Burbank Senior Artists’ Colony is a five-storey building in Los Angeles, offering one-bedroom apartments for rent to people aged over 55. The building also houses a digital film editing lab, galleries, an outdoor performance area, and art and sculpture studios.

Retired dental surgeon Gene Schklair, 80, sells the sculptures he makes at the Colony for up to $18,000 each. Suzanne Knode, another resident, took her first screenwriting course there in her early 60s. Her film about an elderly woman who robs a convenience store while balancing on her walker was cast and made by fellow residents. It has since made it onto the film festival circuit.

America has already seen a trend for senior housing communities on college campuses, offering residents and students the benefits of intergenerational contact and, increasingly, learning programmes for residents to study something new or take a further degree – as, for example, at Lasell Village.

Developments of this kind have been encouraged by a growing understanding of the benefits to health and happiness of learning new skills as you age (although this can make learning sound a bit like eating bran, good for you but not very pleasant).
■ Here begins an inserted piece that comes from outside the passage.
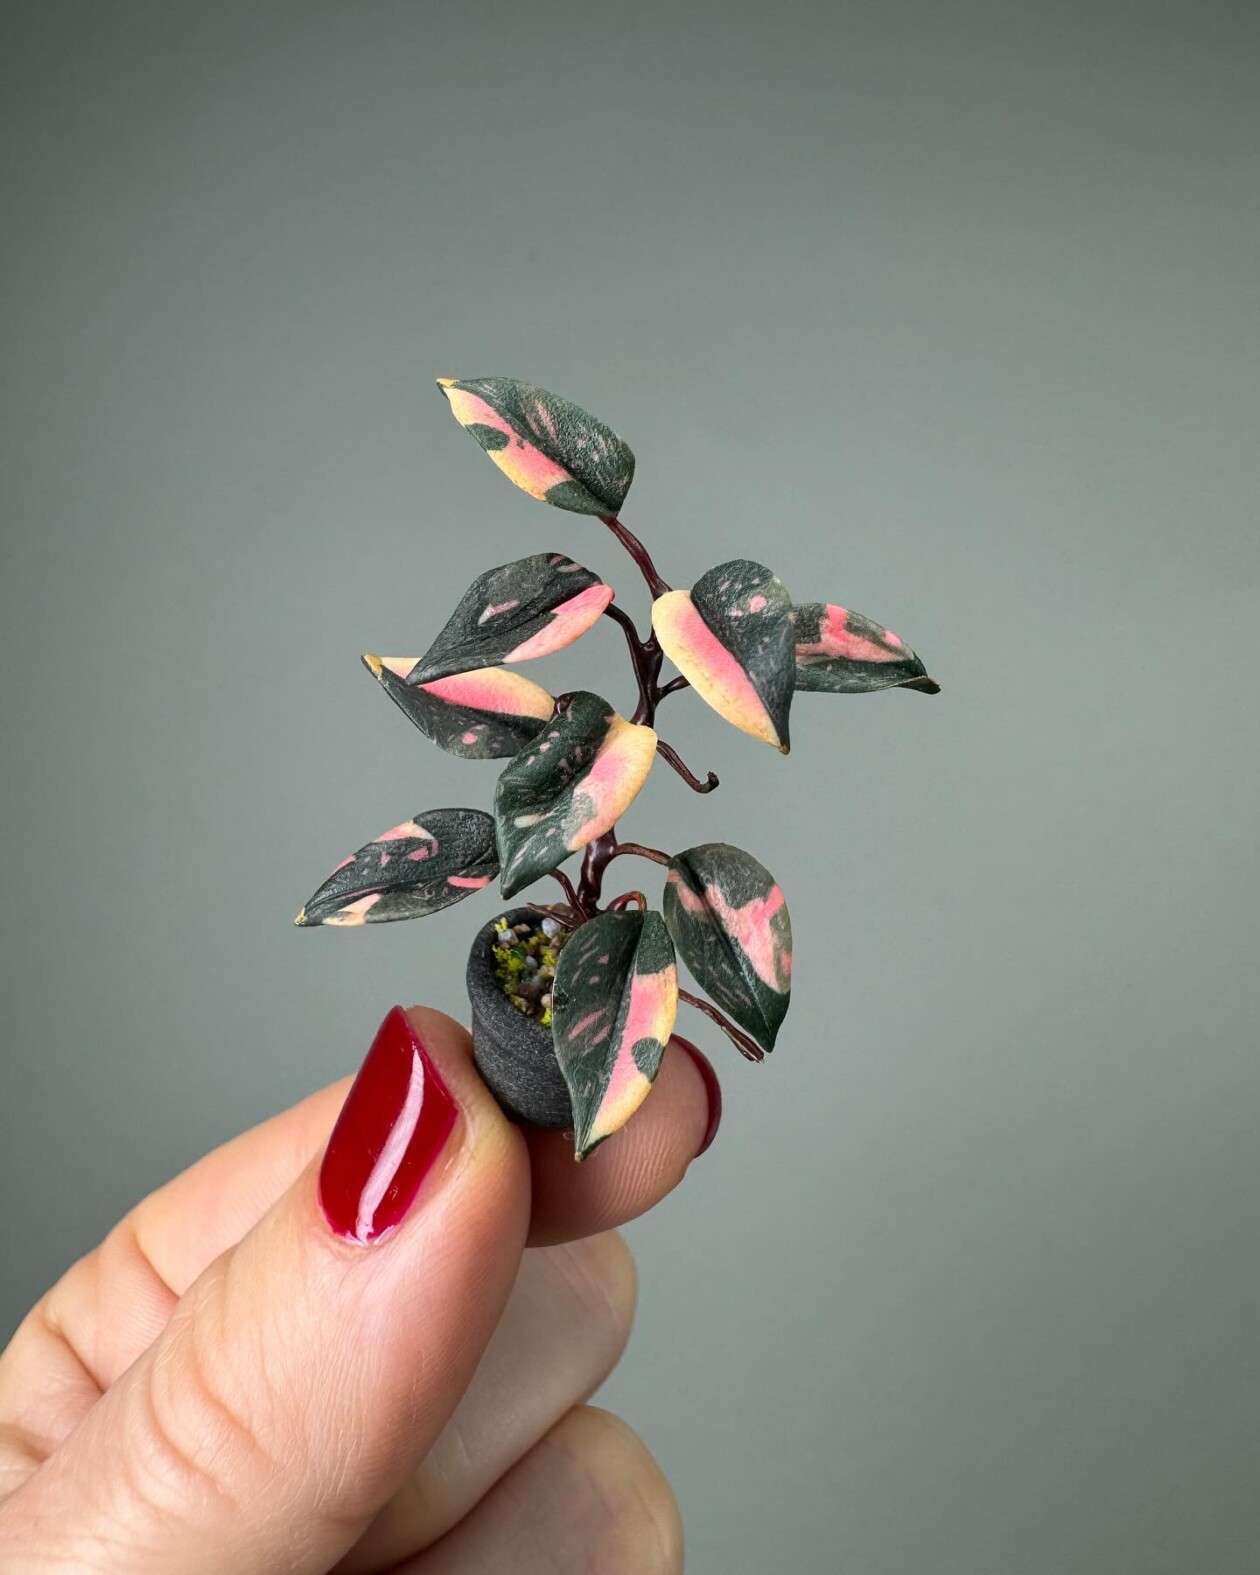 Handmade Miniature Polymer Clay Plants By Astrid Wilk (13)

Art, too, requires study, to develop technique; it also offers a way to scrutinise and understand the world and a mode of self-expression; it is ageless, in all senses of the word.

In this country, there is a growing interest in art produced by older people, not just as therapy, but as mind-expanding pleasure for artists and audience. The idea that you could be creative at all hours of the day and night makes ageing something actively to aspire to. In California, two more Colony communities are in development. Let’s hope some enterprising developer sets up something similar in Britain soon.